[TO DO]
Repeat the entries exactly as they stand.

------------------------------------------------

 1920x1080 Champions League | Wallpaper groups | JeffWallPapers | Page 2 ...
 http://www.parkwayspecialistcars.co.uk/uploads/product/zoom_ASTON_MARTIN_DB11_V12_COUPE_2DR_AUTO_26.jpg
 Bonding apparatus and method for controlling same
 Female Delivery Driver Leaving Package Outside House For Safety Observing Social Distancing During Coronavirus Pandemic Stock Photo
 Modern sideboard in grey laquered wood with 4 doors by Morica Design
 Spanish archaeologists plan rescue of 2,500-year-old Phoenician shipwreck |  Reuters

------------------------------------------------

[EXERCISE SOLUTION]
 1920x1080 Champions League | Wallpaper groups | JeffWallPapers | Page 2 ...
 http://www.parkwayspecialistcars.co.uk/uploads/product/zoom_ASTON_MARTIN_DB11_V12_COUPE_2DR_AUTO_26.jpg
 Bonding apparatus and method for controlling same
 Female Delivery Driver Leaving Package Outside House For Safety Observing Social Distancing During Coronavirus Pandemic Stock Photo
 Modern sideboard in grey laquered wood with 4 doors by Morica Design
 Spanish archaeologists plan rescue of 2,500-year-old Phoenician shipwreck |  Reuters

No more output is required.